В виде затруднения для интеллекта проблема существует в особом ментальном состоянии сознания – сомнении. Ч. Пирс отмечал, что нормальная деятельность характеризуется состоянием веры‑уверенности, где интеллект демонстрирует успешность своих средств. Но вот в новой ситуации они дают осечку, разум оценивает возникшее положение как затруднительное, и это означает не только дискомфорт психики, но и смену былой уверенности состоянием интеллектуального сомнения, где мысль сначала колеблется в признании действенности своих орудий, затем она начинает выбирать новые средства и колеблется в своих предпочтениях. Сомнение выражает крах старого порядка и пробные попытки построения нового пути. Д. Дьюи оценил этап сомнения как «положение путника на распутье», который прежде, чем вызвать работу ума над выбором должной дороги, оценил наличие явного расхождения между наличной ситуацией и целью. Вот почему мы не согласны с Н.А. Шакуровым, отделяющим задачу как барьер от цели. Как раз оценка конфликта реального положения с целе-вой ситуацией и составляет суть практической проблемы как препятствия деятельности. Проблемное занятие может быть сугубо объективным и его превращение в задачу предполагает выработку личност-ного отношения к нему в форме цели – это затруднение нужно разрешить. «Задача становится задачей для вас, когда вы ставите себе целью ее решить»1.

Рис. 115

Методы в виде идеалов‑образцов знания формируют познавательные проблемы. По сравнению с практическими задачами познавательные проблемы имеют свою специфику. Она начинается уже с их появления. А. Страусс и Дж. Корбин указывают на типичные источники исследовательских проблем: 1) предложения других людей: а) научный руководитель дает своему аспиранту тему; б) специалист советует новичку заняться определенной проблемой; в) спонсор заказывает ученому интересующую его задачу; 2) нахождение проблем в специальной литературе; 3) обнаружение задач в своем личном опыте141. Такие способы действительно имеют место, но важно отделить формы передачи готовой проблемы от процесса ее создания. Последнее как раз и представляет собой интерес.
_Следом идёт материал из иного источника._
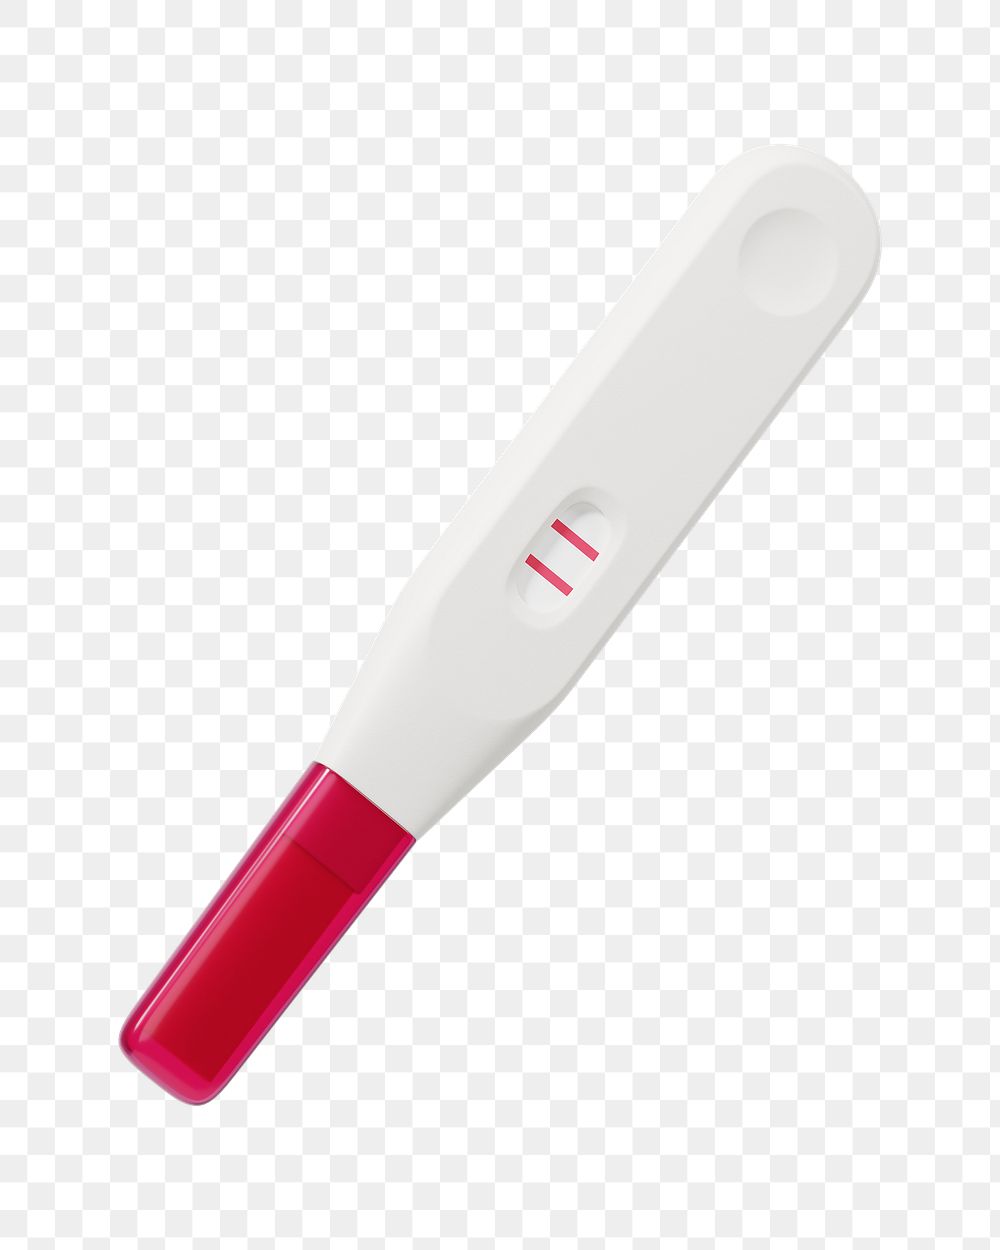 PNG 3D positive pregnancy test, element illustration, transparent background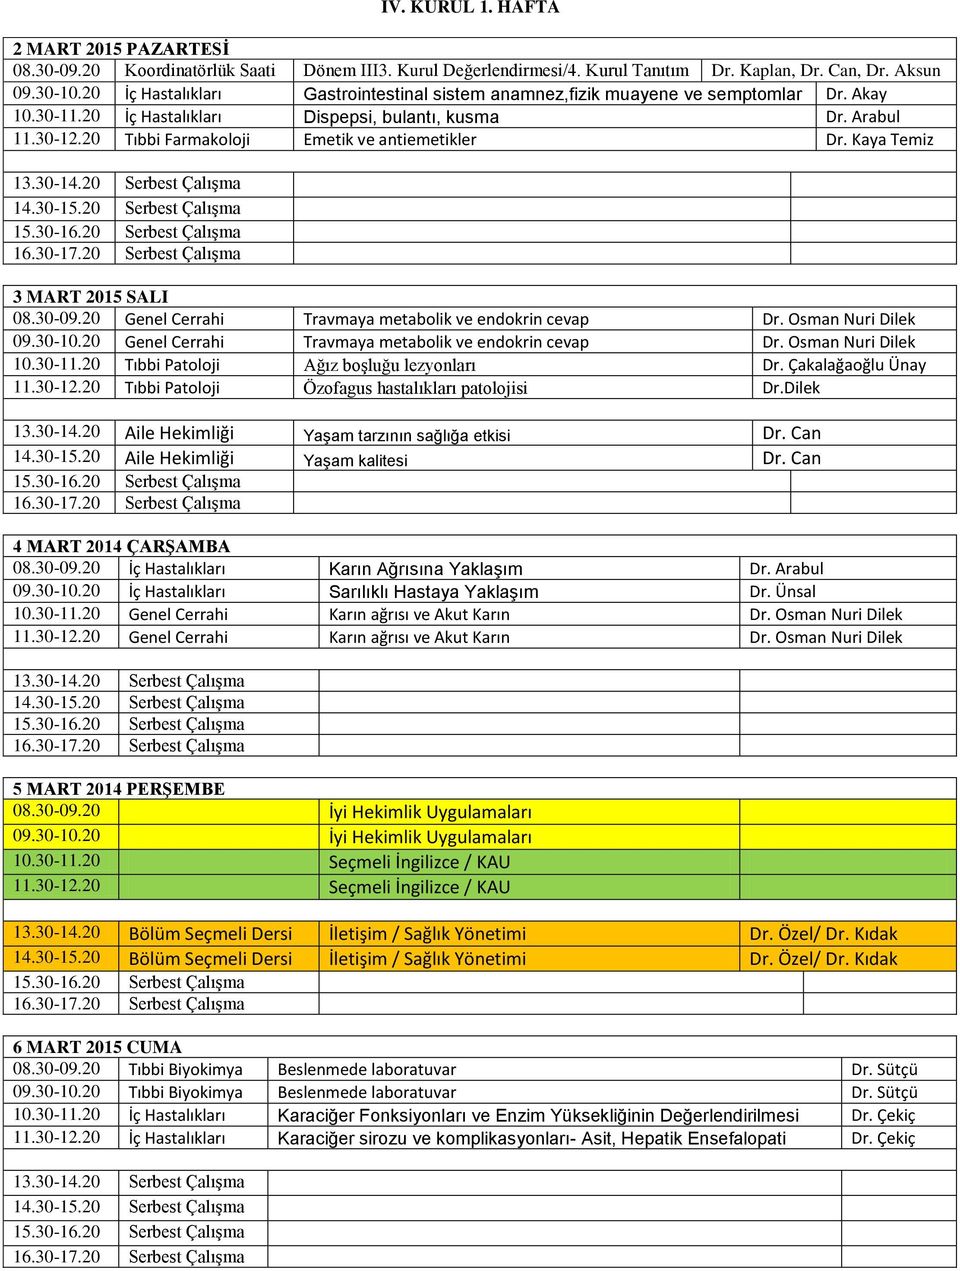 20 Tıbbi Farmakoloji Emetik ve antiemetikler Dr. Kaya Temiz 3 MART 2015 SALI 08.30-09.20 Genel Cerrahi Travmaya metabolik ve endokrin cevap Dr. Osman Nuri Dilek 09.30-10.

К. Попперу принадлежит следующая сентенция: «Важен не метод и не техника, а чувствительность к проблемам». На первый взгляд кажется, что британский философ жестко противопоставил «чувствительность к проблемам» рациональному методу, но дело оказывается в другом. Попперу было важно в данном высказывании подчеркнуть первичную значимость проблемы по отношению к методу ее решения. Можно ли признать существование методов, детерминирующих постановку самих проблем? Позиция Поппера здесь достаточно широка и гибка: «любой метод имеет право на существование, если он приводит к результатам, поддающимся разумному рассуждению». Исследовательская проблема вполне удовлетворяет этим критериям, она формируется как некий продукт акта проблематизации и также подлежит рациональному публичному суду.

Проблема не может избежать универсальной технологии производства информации, основанной на воздействии метода (средства) на предмет. Если производство практических задач детерминировано нормами, оценивающими отношение «средство-цель», то что-то подобное должно быть и для познавательных проблем. Здесь следует лишь найти специфицирующие различия для целей и средств. Единой целью познания выступают новые знания, стало быть, предметом проблемной оценки могут быть любые когнитивные образования (эмпирический опыт, теории, концепции и т.п.), лишь бы с ними была связана возможность получения новых сведений. В качестве методов оценивания действуют исторически сложившиеся целевые образцы знаний‑результатов. Центральную линию здесь определила логическая культура, в рамках которой возникли ключевые идеалы когнитивной связанности и непротиворечивости. Эти нормы вместе со своими частными и особыми вариантами стали ведущими методами проблематизации. Если некоторое знание в качестве предмета оценивания соответствует образцам, оно квалифицируется в виде нормативного и рационального продукта. Любое отклонение от идеалов расценивается как иррациональное образование. Такие фрагменты знания отделяются от нормальных структур и становятся содержанием проблем.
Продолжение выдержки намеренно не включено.